MATIAS LAINO | DIRECTOR OF PASSARE REMOTE DEVELOPMENT
[email protected] | +54 11-6357-2143
-----Original Message-----
From: Jan Høydahl <[email protected]>
Sent: Thursday, December 1, 2022 10:11 PM
To: [email protected]
Subject: Re: Very High CPU when indexing
What are your cache settings? Are you using autoWarmCount or explicit cache
warming? It could be a source of long commit times.
Jan
> 1. des. 2022 kl. 22:35 skrev Matias Laino <[email protected]>:
>
>
> I've tried with multiple different autosoft commit and auto commit
> configurations, and it always takes 2:30 - 3 minutes to get the records
> available on search, CPU is being pretty good since I upgraded, and memory
> should be plenty unless I'm mistaken, I'm lost at this point.
>
> Any help will be really appreciated
>
> MATIAS LAINO | DIRECTOR OF PASSARE REMOTE DEVELOPMENT
> [email protected] | +54 11-6357-2143
>
>
> -----Original Message-----
> From: Matias Laino <[email protected]>
> Sent: Thursday, December 1, 2022 1:11 PM
> To: [email protected]
> Subject: RE: Very High CPU when indexing
>
> Hi Shawn, thanks again for the reply.
>
> I've tried increasing the memory to 32 gb and 16gb of ram heap with 8 cores,
> and even though I still see peaks of 300% CPU on the solr process it can
> handle it (solr doesn't go down).
> But, I've tried several different configurations for the auto commit and soft
> commit and results always take a few minutes to show up on search, which is
> really unacceptable for us, I'm not sure how to proceed now.
>
> I've looked at the cores and for example of the collection I'm testing
> against right now, I see these values:
>
> Core 1:
> Num Docs:4806841
> Max Doc:4845793
> Heap Memory Usage:387392
> Core 2:
> Num Docs:4810159
> Max Doc:4849229
> Heap Memory Usage:450008
>
> Other collections look fairly similar, except for this one:
>
> Preview Core1:
> Num Docs:5774937
> Max Doc:5832482
> Heap Memory Usage:407424
>
> Preview Core2:
> Num Docs:5774937
> Max Doc:5833942
> Heap Memory Usage:463632
>
> Preview Core 3:
> Num Docs:5778245
> Max Doc:5790174
> Heap Memory Usage:480672
>
> For some reason, the "Preview Collection" has 3 shards instead of 2 like it
> was before... maybe that could be related?

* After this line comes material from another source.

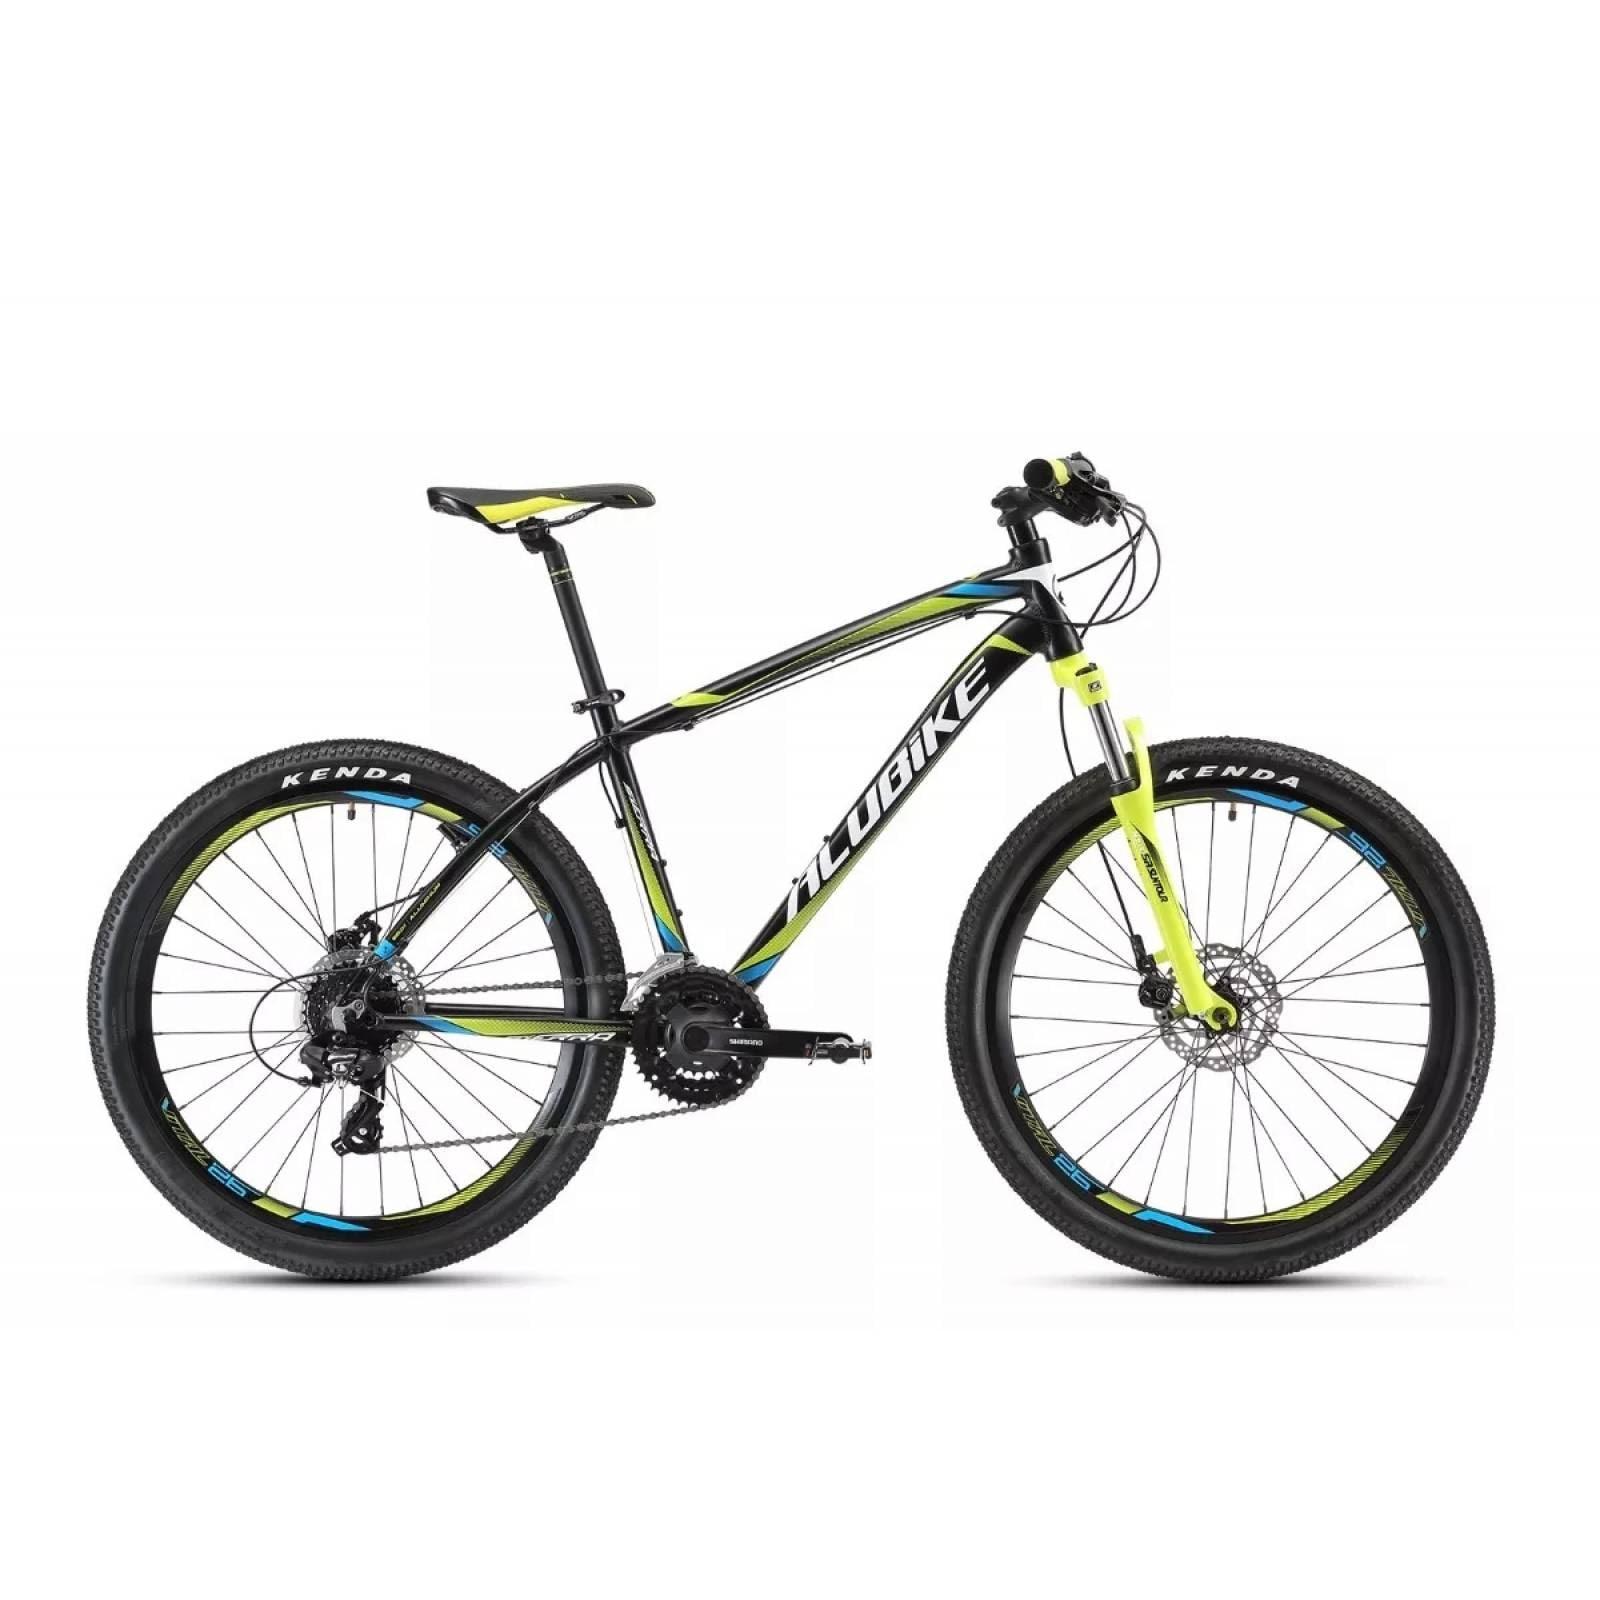 Bicicletas mtb presenta bicicleta-mtb-alubike-sierra-rodada-26-con-24-vel-mod

The collection overview say shards
> 2 and replication factor 2.
>
> As additional info, Zookeeper is running on it's own server and solr is the
> only thing running on that server, aside some system processes.
>
> Thanks again!
>
> MATIAS LAINO | DIRECTOR OF PASSARE REMOTE DEVELOPMENT
> [email protected] | +54 11-6357-2143
>
>
> -----Original Message-----
> From: Shawn Heisey <[email protected]>
> Sent: Thursday, December 1, 2022 1:07 AM
> To: [email protected]
> Subject: Re: Very High CPU when indexing
>
> On 11/30/22 08:57, Matias Laino wrote:
>> Q: What is the total document count?
>> A: Based on the dashboard, it's Total #docs: 68.6mn each node (I'm
>> replicating the same data on both)
>
> Each core has a count. And here you can see what I was talking about with
> max doc compared to num docs.
>
> https://www.dropbox.com/s/jdgddn4ve5mluhr/core_doc_counts.png?dl=0
>
>> Q: but it would be great to have an on-disk size and document count
>> (max docs, not num docs) for each collection
>> A: I'm not sure where to get that from metrics, based on the cloud dashboard
>> it say the following by shard:
>> preview_s1r2: 1.9Gb
>> preview_s2r11: 1.9Gb
>> preview_s2r6: 1.9Gb
>> staging-d_s1r1: 1.8Gb
>> staging-d_s2r4: 1.8Gb
>> staging-a_s1r1: 1.7Gb
>> staging-a_s2r4: 1.7Gb
>> staging-c_s2r5: 1.6Gb
>> staging-c_s1r2: 1.6Gb
>> pre-prod_s1r1: 1.6Gb
>> pre-prod_s2r4: 1.6Gb
>> staging-b_s1r2: 1.5Gb
>> staging-b_s2r5: 1.5Gb
>> That is replicated on the other node.
>
> So you've got 22GB of data, and assuming Solr is the only thing running on
> the machine, only about 8GB of memory to cache it (total RAM of 16GB minus
> 8GB for the Solr heap). I would hope for at least of 12GB of cache for that,
> and more is always better. 8GB may not be enough. If you have other software
> running on the machine, it will be even less. Does ZK live on the same
> instance? If so, how much heap are you giving to that?
>
> Performance of a system is often perfectly fine up until some threshold, and
> once you throw just little bit more data in the mix so it goes over that
> threshold, performance drops drastically. That is how a small increase can
> bring a system to its knees.
>
> If you can upgrade the instance to one with more memory, that might also
> help, but I do think that the biggest problem is the autoSoftCommit setting.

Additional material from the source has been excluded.